Education Department

Provider groups are putting the Department of Education under pressure to revise the proposed policy change that would constrain the sum of in-training nurses, physician assistants, and other post-baccalaureate health professionals who might borrow under a federal student loan, which they argue will throttle the clinical workforce pipeline and lower care availability to the public.

The proposal is among the implementation of the department of the One Big Beautiful Bill Act that proposed new limits of borrowing to commence on July 1, 2026. The administration has indicated that the changes will aid in reducing escalating tuition fees and saving the students the cost of debt.

In particular, the law applies a limit of 20,500 per year and 100,000 in total to the borrowing limits of graduate students, which applies to those in an enrollment program in a professional degree. Graduate and professional students had already been permitted to borrow the full cost of attending.

The rub of provider groups is that the definition of the professional degree programs as proposed in the department would be limited based on 11 roles, such as medicine, pharmacy and other specialty doctorates, but not those of advanced practice registered nurse (APRN) such as nurse practitioner (NP) and certified registered nurse anesthetist, nor other professions, such as social worker or physical therapist.

In sync, providers have been raising concerns about the matter in the past few months. Their trade associations and individual organizations followed with a formal request of the department to revise its proposed definition and permit additional healthcare positions to borrow using the higher limits of the professional degree in the course of an open comment period on February 25.

An example by the American Hospital Association (AHA) has pointed out statistics of the National Center of Education Statistics showing that an average cost of above 30,000 per annum is incurred annually by nurses and social workers pursuing graduate degrees. The lobby also included that physical therapist degrees range between approximately 108,000 and 126,000, plus other living costs and other charges.

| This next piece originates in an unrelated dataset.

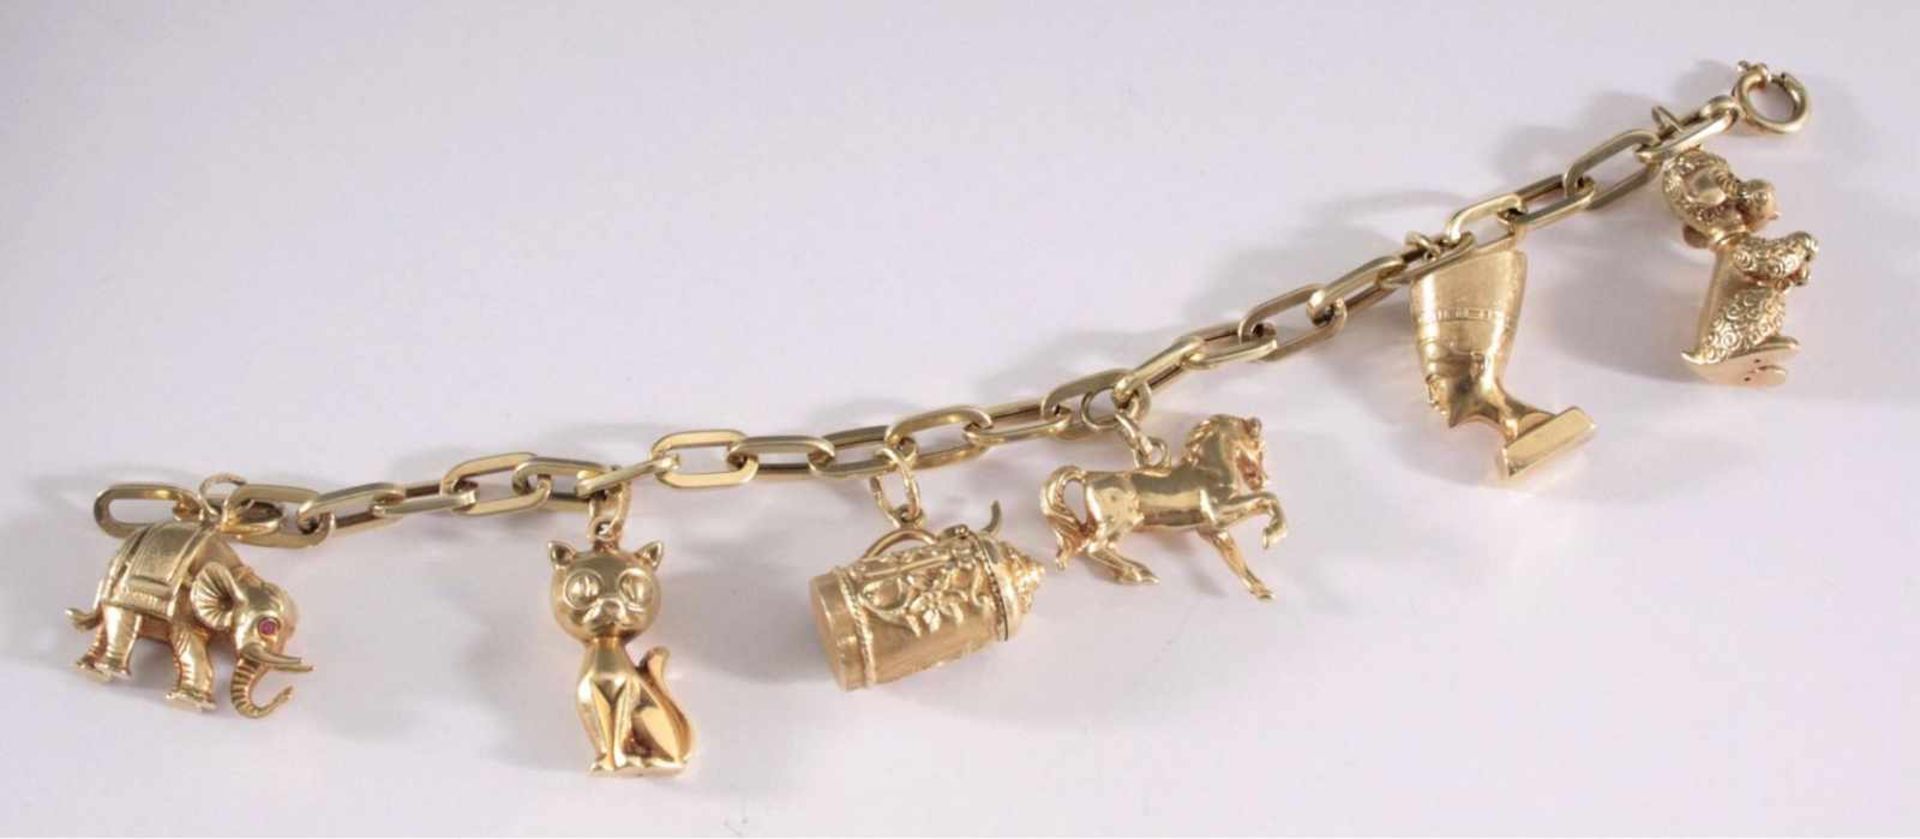 Bettelarmband aus 14 Karat GelbgoldKettenglieder-Armband mit 6 Anhänger u.a. Pudel, Elefant, - Image 2 of 2

The AHA sounded a warning in its letter that reduced enrollment would put a significant strain on the pipeline of emerging clinicians, reduce the capacity of hospitals to provide care to care teams, create longer wait times and dependence on emergency care, and reduce health system preparedness in case of a natural disaster or health emergency. The impact might be particularly severe in rural and underserved regions where APRNs are frequently critical to ensure the continuation of access to high-need critical services such as anesthesia and critical care.

The AHA also stated that the Education Department has the discretion to broaden the definition in the statute and indicated that the definition of a professional student provided by Congress concurs with the post-baccalaureate roles in the field of health, though not stated explicitly.

In its letter, the American Nurses Association (ANA) reiterated the same, but objected to the justification provided by the department in its omission of post-baccalaureate nursing programs -state-by-state variation in NP practice authority.

The group claimed it is very disappointing that [the department] uses obscure regulatory obstacles, which are the outcome of the political choices of those states, and are not findings on whether APRNs are a unique profession, or whether they have education and clinical experience and knowledge to work to the maximum extent of their profession and licensure.

The ANA also cited that APRNs generally receive good compensation and that the default rate on their student loans is consistently low, and that the proposal in the education department would be incongruent with other policymaking in the first and the second Trump administration, like the Rural Health Transformation Program, which mostly concentrates on the top of a profession’s scope of practice.

In its letter, the American Academy of Physician Associates also criticized the scope of practice and the physician supervision angle of the department. On the former, the group, the ex-post facto, makes it clear that the same reasoning would rule out almost all licensed medical professions; on the latter, it emphasized that coordination between doctors and physician associates is not an indicator of reduced professionalism, but the staple of coordinated, patient-focused care.

Among the groups that have made comments seeking an elaboration of the definition of a professional degree are the groups that include the American Academy of Medical Centers, the American Academy of Family Physicians, the American Association of Colleges of Nursing, the American Health Care Association/National Center for Assisted Living, the American Association for Nurse Anesthesiology and the American Organization for Nursing Leadership.

Over 65,000 overall public comments had been posted in the proposed rule by the department, although some of those refer to the borrowing limits that would be put on other individuals also training in non-healthcare fields.

Growing Pressure on the Education Department

Education and financial service providers are calling on the Education Department to reconsider its current position on student loan borrowing caps. According to several industry stakeholders, the Education Department should re-evaluate these limits to better reflect rising tuition costs and the financial realities faced by modern students.

Providers argue that the existing caps set by the Education Department may no longer be sufficient to support students pursuing higher education. With tuition fees increasing across many universities, the Education Department is being urged to examine whether the current borrowing limits are still appropriate.

While the Education Department has not announced any immediate policy changes, discussions about loan caps are gaining momentum. Observers expect the Education Department to continue evaluating feedback from providers and stakeholders as it reviews the future of federal student loan programs.

If the Education Department decides to revise the caps, it could significantly impact millions of students who rely on federal loans to finance their education.